I remember reading about The Bay but Lionsgate basically left it for dead (despite having an Oscar winning director at the helm) to promote the final Twilight movie.

Of course, this is also the same studio that paid $6 million for You're Next and shelved it for two years due to a single bad test screening (despite the fact that it was adored at Toronto).

 
 Posted:   Feb 16, 2013 - 9:19 PM   
 By:   Mr Greg   (Member)

Sucks...

 
 
 Posted:   Feb 17, 2013 - 11:49 AM   
 By:   LRobHubbard   (Member)

The Bay...wasn't quite sure what to expect from this...young inexperienced news reporter is in Chesapeake Bay to film July 4th festivities...meanwhile, local Mayor has refused to create a fuss over concerns that the local water has become contaminated. The contaminations spreads, and us humans become a breeding ground for some nasties.
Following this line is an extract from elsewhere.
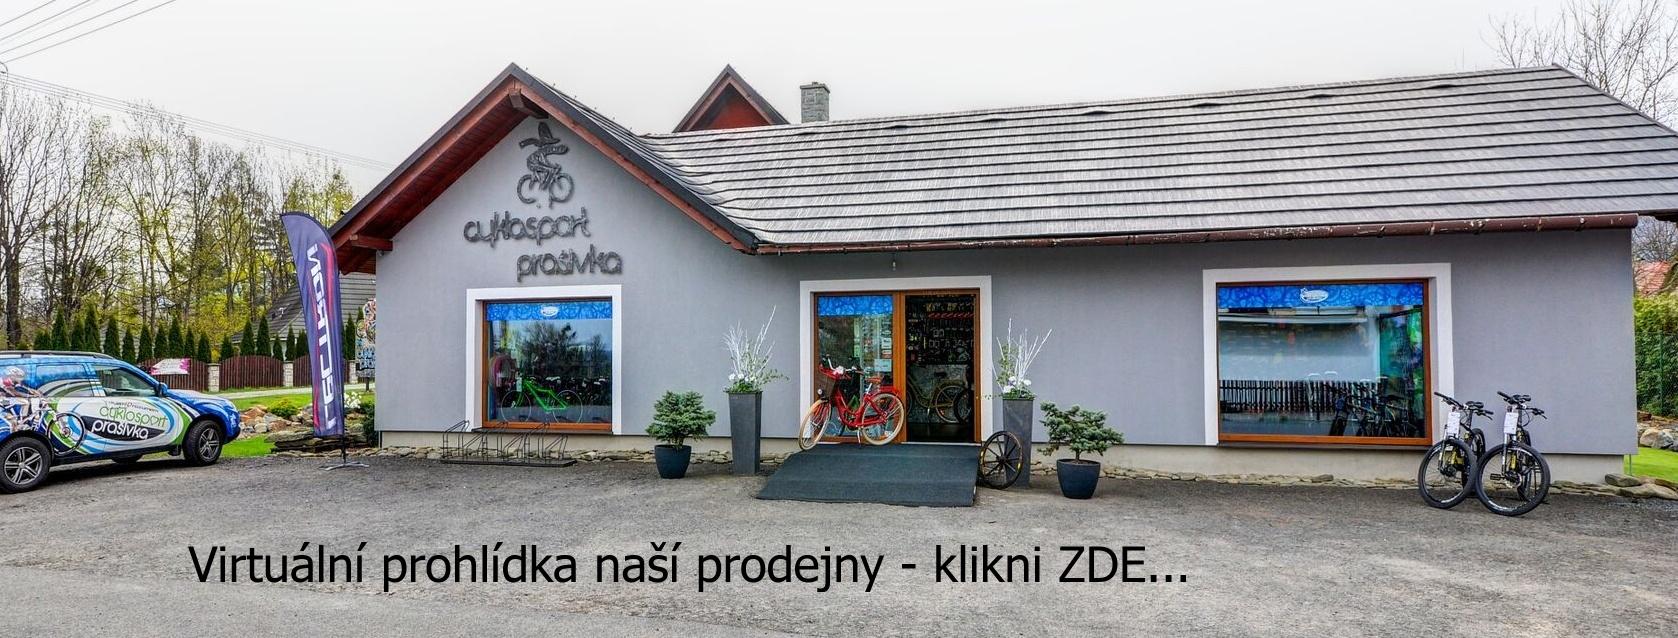 virtualni-prohlidka

Wonderful to see Levinson's name again...and there is a maturity to the filmmaking (not to mention permitting the audience to be mature too) - and steady, but not slow, pace that belies the somewhat cheesy and sometimes unoriginal stuff on display. This is not a set of vignettes with a half-assed conclusion - there is a real feeling of dread, of watching something desperate unfolding, and it's a real pleasure to watch.

Ditto about THE BAY - too bad it comes right after a spate of shitty found-footage horror films.
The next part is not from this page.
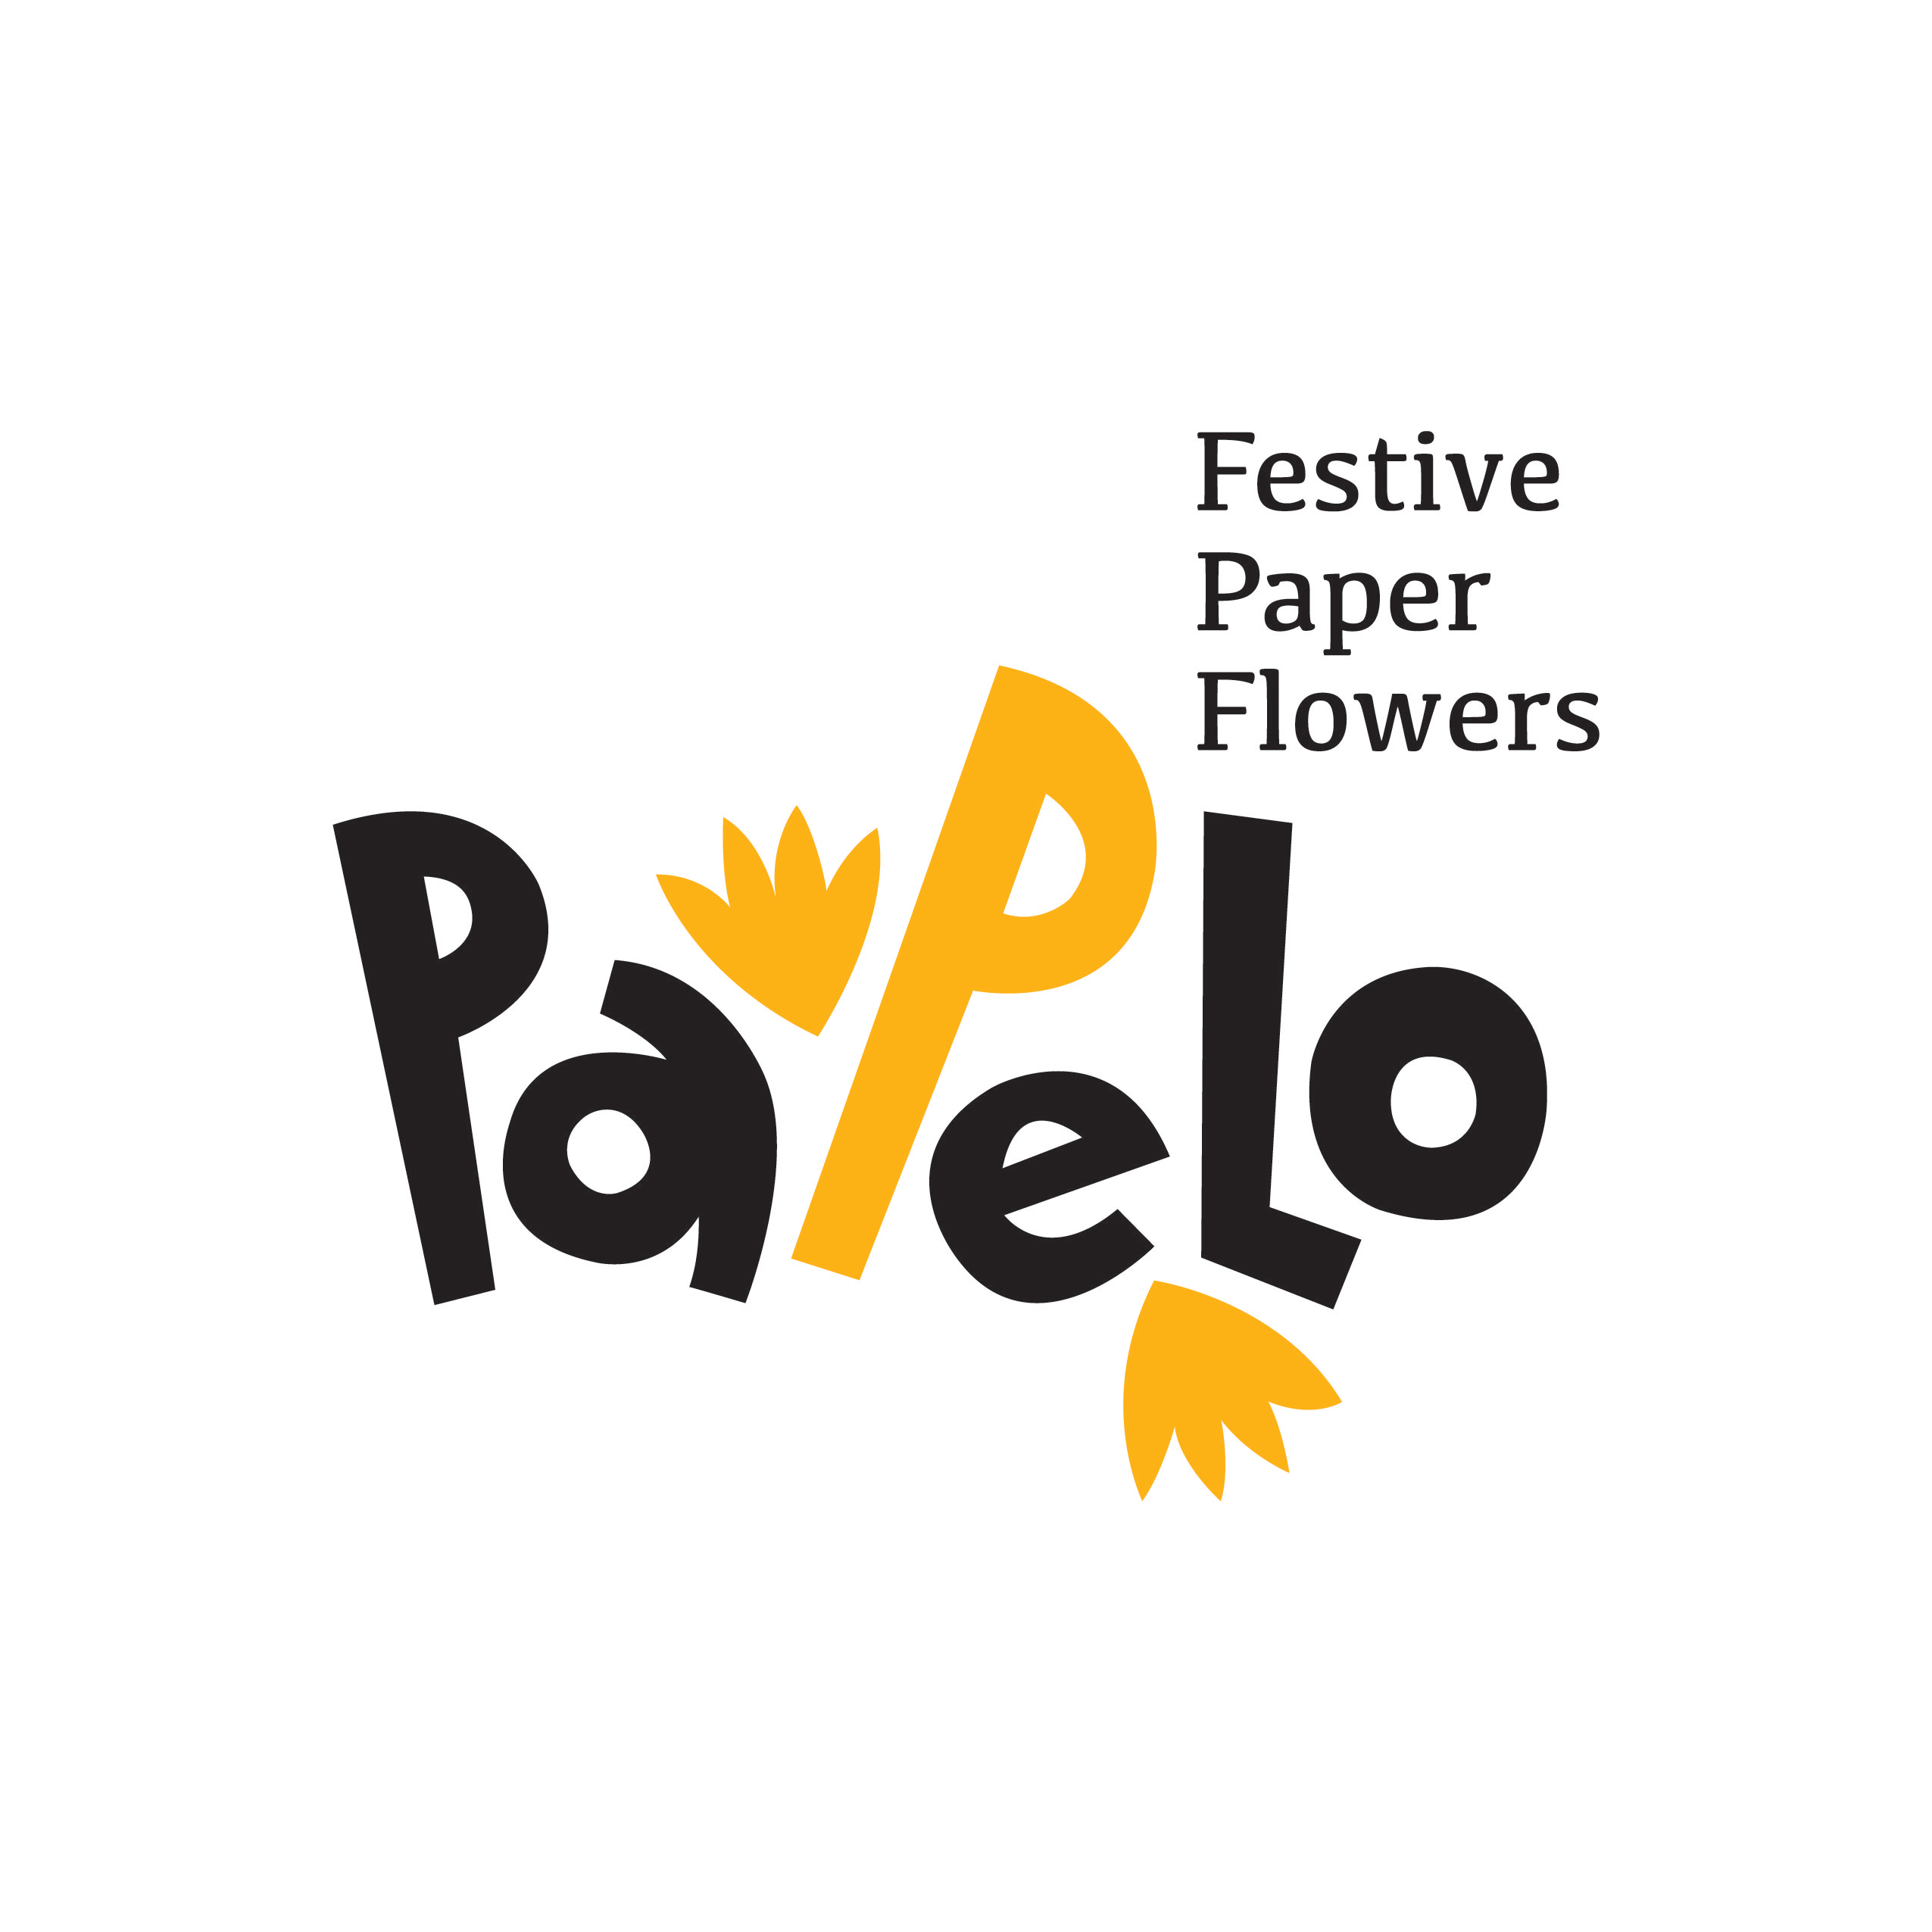 PaPelo – Festive Paper Flowers

V/H/S was perhaps the worst piece of shit to be marketed as a horror film - not looking forward to S VHS for more morons (and made by the same people who did YOU'RE NEXT, which I suspect is similarly overhyped.)

 
 Posted:   Feb 17, 2013 - 4:18 PM   
 By:   Buscemi   (Member)

No horror film could ever take the title of "most overhyped" from Automation Transfusion. Horror websites loved the film but when it came out, it proved to be a pointless excuse to be as gory as possible that no audience liked. The film also single-handedly made most viewers stop trusting horror websites on recommendations.

 
 Posted:   Feb 17, 2013 - 5:15 PM   
 By:   mastadge   (Member)

No horror film could ever take the title of "most overhyped" from Automation Transfusion. Horror websites loved the film but when it came out, it proved to be a pointless excuse to be as gory as possible that no audience liked. The film also single-handedly made most viewers stop trusting horror websites on recommendations.

Who are these "most viewers"? I try to keep up with new horror movies and I've never even heard of Automation Transfusion!

 
 Posted:   Feb 17, 2013 - 5:25 PM   
 By:   Buscemi   (Member)

Horror fans who rented the film. When the film first played at festivals, horror websites hyped it as the future of horror and Dimension picked it up to introduce the Dimension Extreme line. So when it came to DVD, people were expecting a good movie due to all of the critical blurbs on the box. But instead, they saw a cheap, amateurish imitation of better horror films.

You could be forgiven if you haven't heard of it since it never played theatres (Dimension did the same thing to the much better received Inside and Martyrs) but the fact that the film's critical praise was a major black mark on horror sites cannot be denied.

 
 Posted:   Feb 17, 2013 - 5:31 PM   
 By:   Mr Greg   (Member)

New one on me, too...another one to line up!!